A population-based assessment of systemic lupus erythematosus incidence and prevalence—results and implications of using administrative data for epidemiological studies

S. Bernatsky1,2, L. Joseph1,3, C. A. Pineau2, R. Tamblyn3,4, D. E. Feldman5 and A. E. Clarke1,6

1Department of Clinical Epidemiology, McGill University Health Centre (MUHC), 2Division of Rheumatology, MUHC, 3Department of Epidemiology, Biostatistics and Occupational Health, McGill University, 4Department of Medicine, McGill University, 5École de réadaptation, Université de Montréal and 6Division of Clinical Immunology/Allergy, MUHC.

Correspondence to: S. Bernatsky, Division of Clinical Epidemiology, Research Institute of the McGill University Health Centre, 687 Pine Avenue West, V-Building, Montreal, Quebec, H3A 1A1, Canada. E-mail: sasha.bernatsky{at}mail.mcgill.ca


   Abstract

Objectives. To estimate (i) systemic lupus erythematosus (SLE) incidence and prevalence using multiple sources of population-based administrative data; (ii) the sensitivity and specificity of case ascertainment methods; and (iii) variation in performance of each ascertainment approach, according to patient and physician characteristics.

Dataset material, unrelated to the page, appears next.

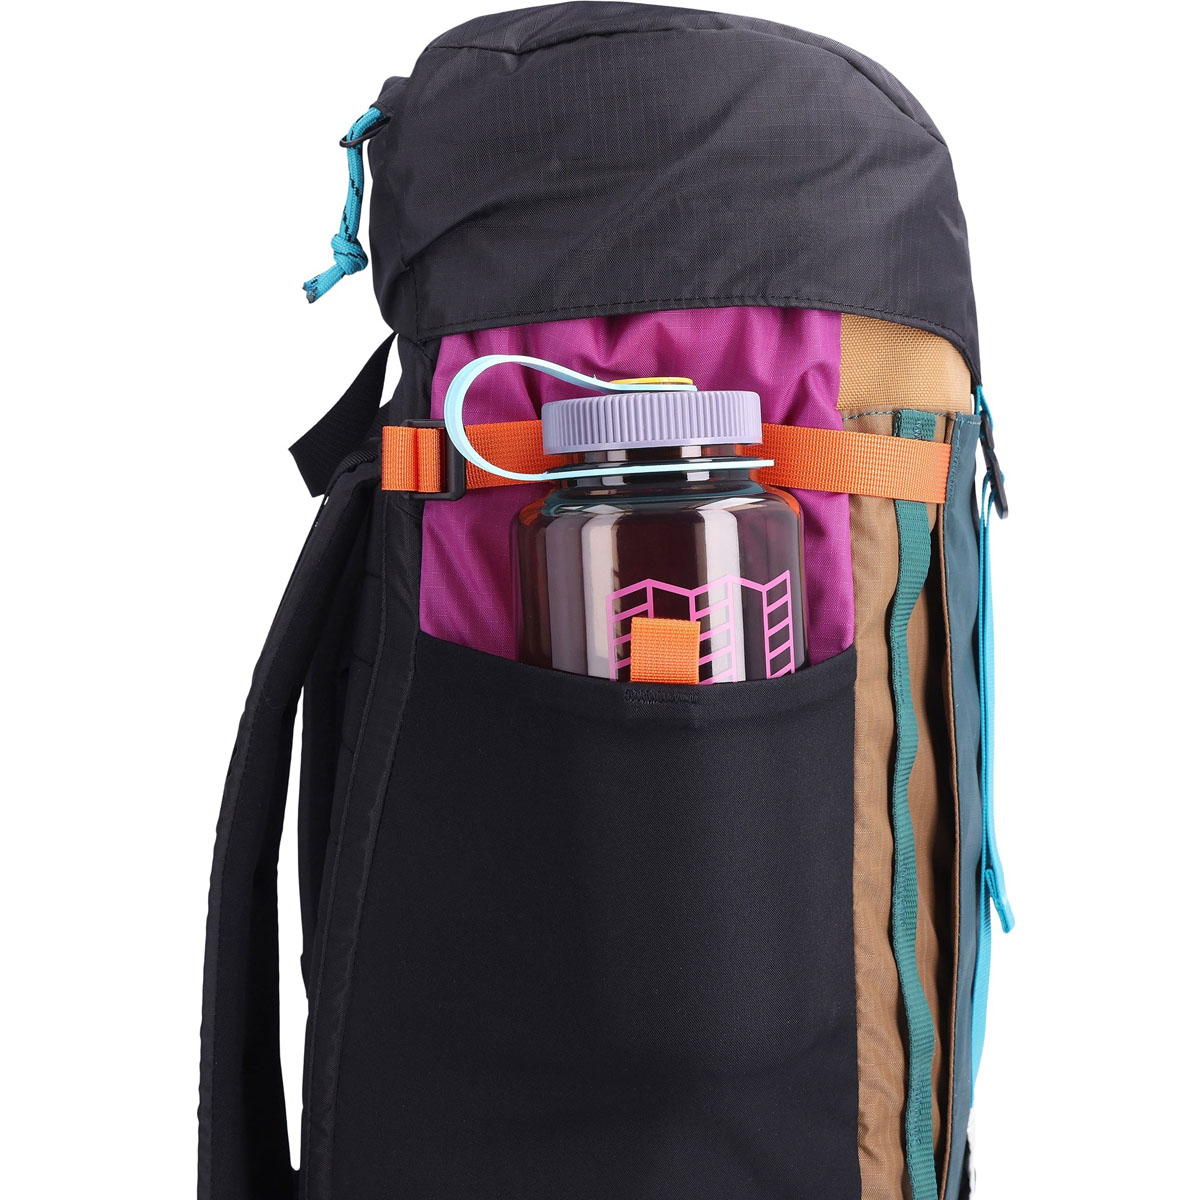 Topo Designs Mountain Pack 16L, side, large side pockets fit a 1 Ltr. water bottle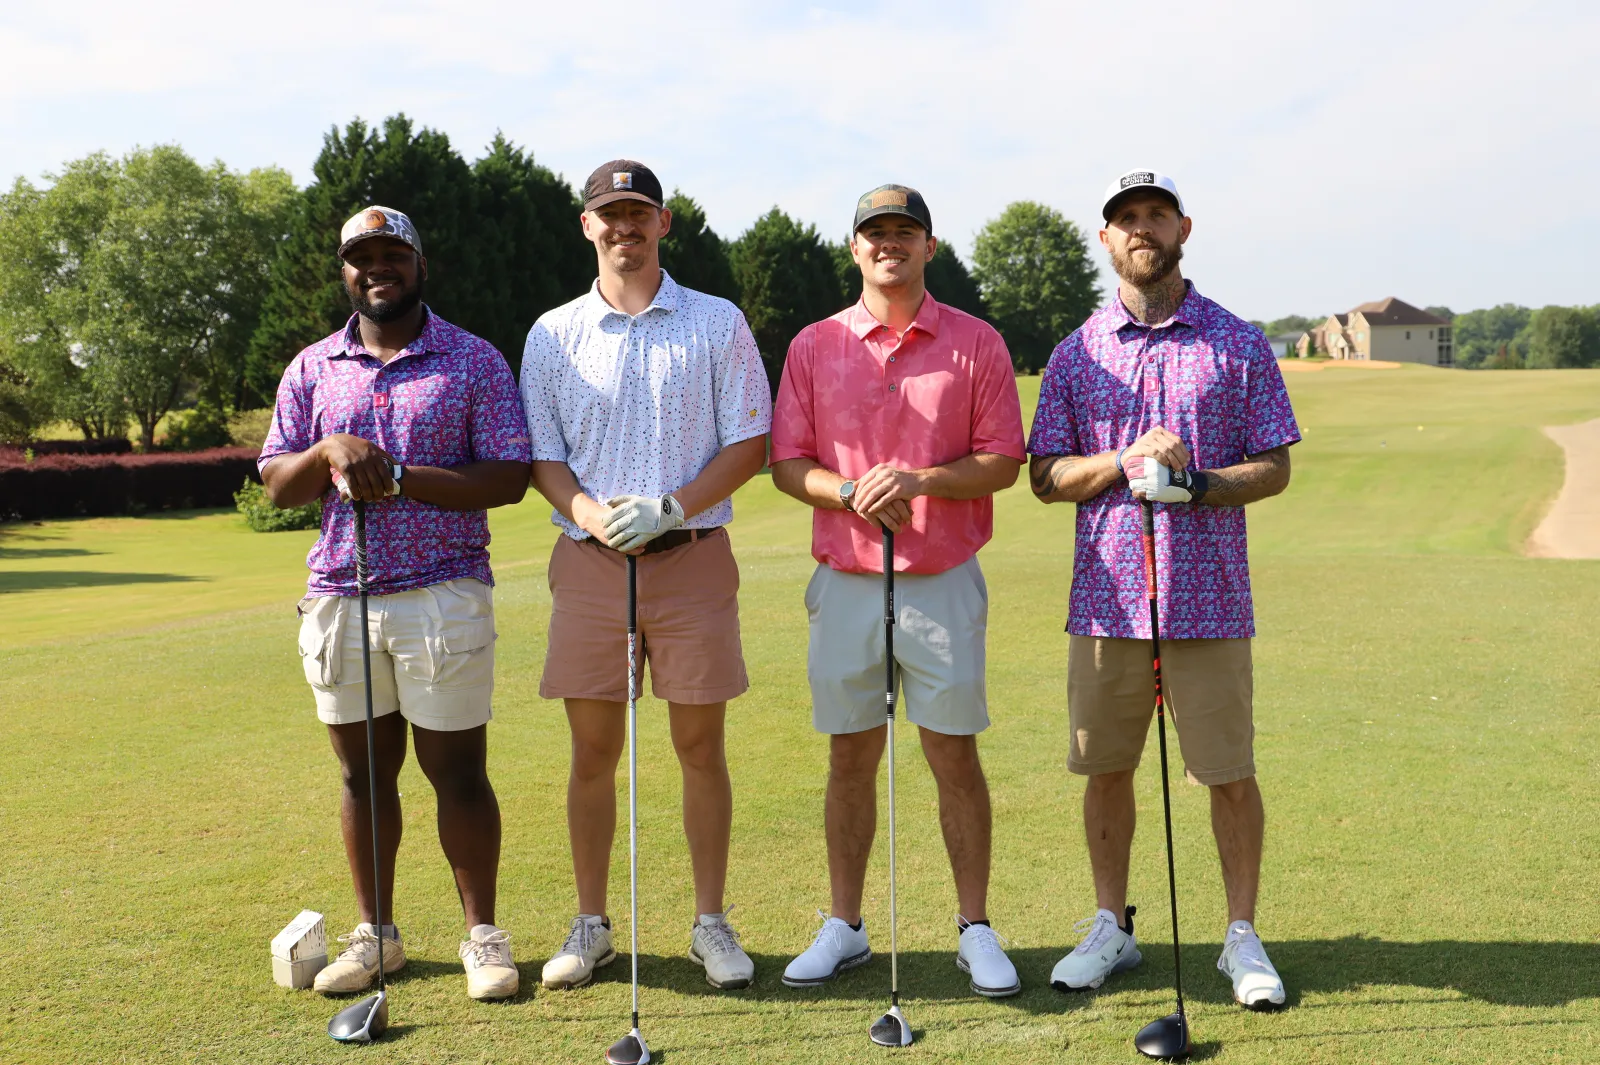 a group of men in golf uniforms

Methods. We examined the physician billing and hospitalization databases of the province of Quebec (1994–2003) covering all health care beneficiaries (~7.5 million). We compared various approaches to ascertain SLE cases, using information from each database separately or combining sources; we then estimated the sensitivity and specificity of these alternative approaches. We used regression models to determine if sensitivity was independently influenced by patient or physician characteristics.

Results. Using billing data, we calculated SLE incidence at 3.0/100 000 person-years [95% confidence interval (CI) 2.6–3.4]; prevalence was 32.8/100 000 persons, in 2003. Results were similar using hospitalization data. However, only a proportion of prevalent cases were identified as having SLE by both methods. Combining cases from billing and hospitalization data, we found a prevalence of 51/100 000 in 2003. Our latent class regression model estimated a prevalence of 44.7/100 000 (95% CI 37.4–54.7). We found high specificity for SLE diagnoses across all strategies and data sources; sensitivity ranged from 42.1% to 67.6%, and was independently influenced by both patient and physician characteristics.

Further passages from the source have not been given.